Simulating the success of plant hydraulic strategies within a global vegetation model

Today’s forest carbon stocks are threatened by climate change through many types of disturbances, including drought. State-of-the-art Dynamic Global Vegetation Models (DGVMs) have hitherto not been able to explicitly simulate the response of tree hydraulic systems to drought, which are ultimately important determinants of tree resilience during drought events. Increasingly, more detailed representations of plant hydraulics, including death by cavitation, are being included in DGVMs, but simulations at the global level have been challenging, partially due to the lack of data for parameterisation. To overcome these issues, we compiled a large dataset of hydraulics-relevant plant traits from the literature (including TRY).

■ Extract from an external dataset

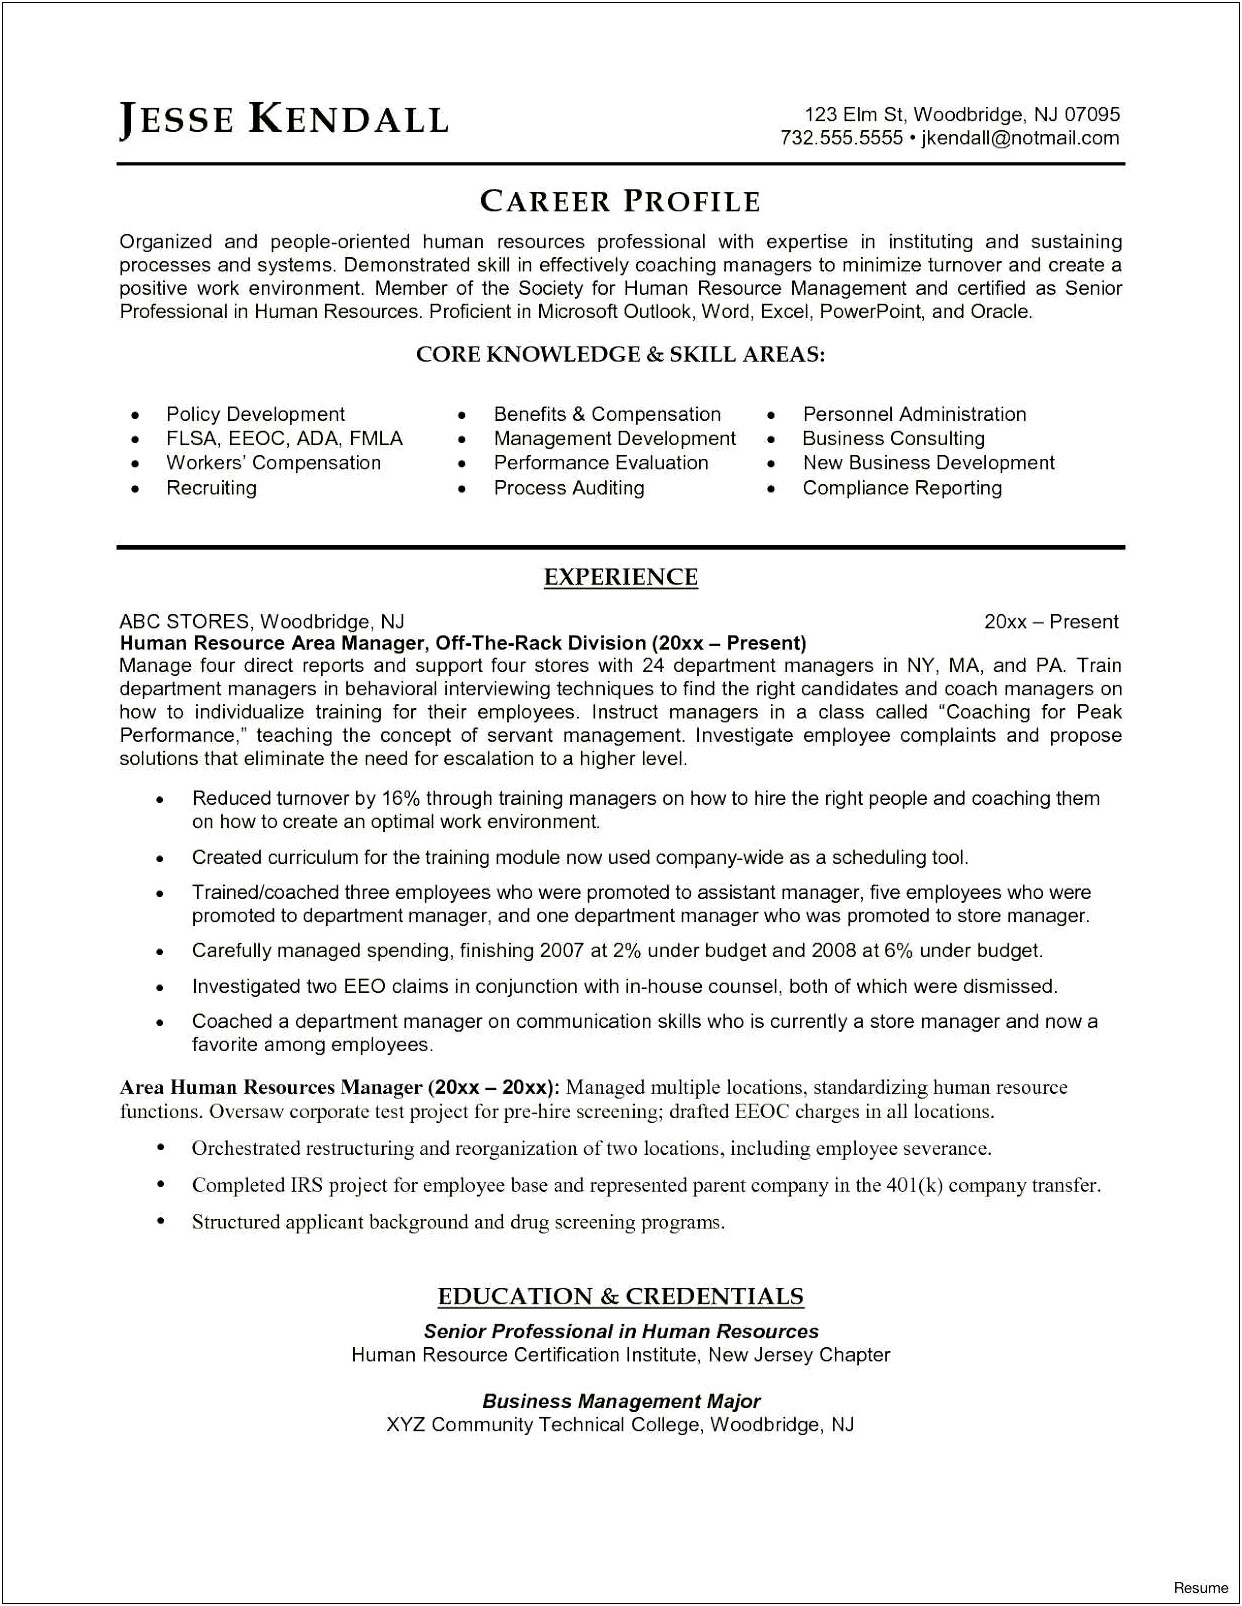 Human Resource Manager Resume Exaamples

To overcome the sparseness of the available trait data, we used literature on the functional relationships between traits to create a hypothesis framework that functionally links multiple traits and their trade-offs together in a network. From this network of traits we can sample parameter sets that reflect coherent plant strategies. We applied these strategies in the plant-hydraulics-enabled DGVM LPJ-GUESS and show how they can be used to provide model-based hypotheses of how both strategies and individual trait values vary across different forest environments. These results provide a basis for global-scale hydraulic model parameterisation, as well as providing verifiable hypotheses for testing in the field.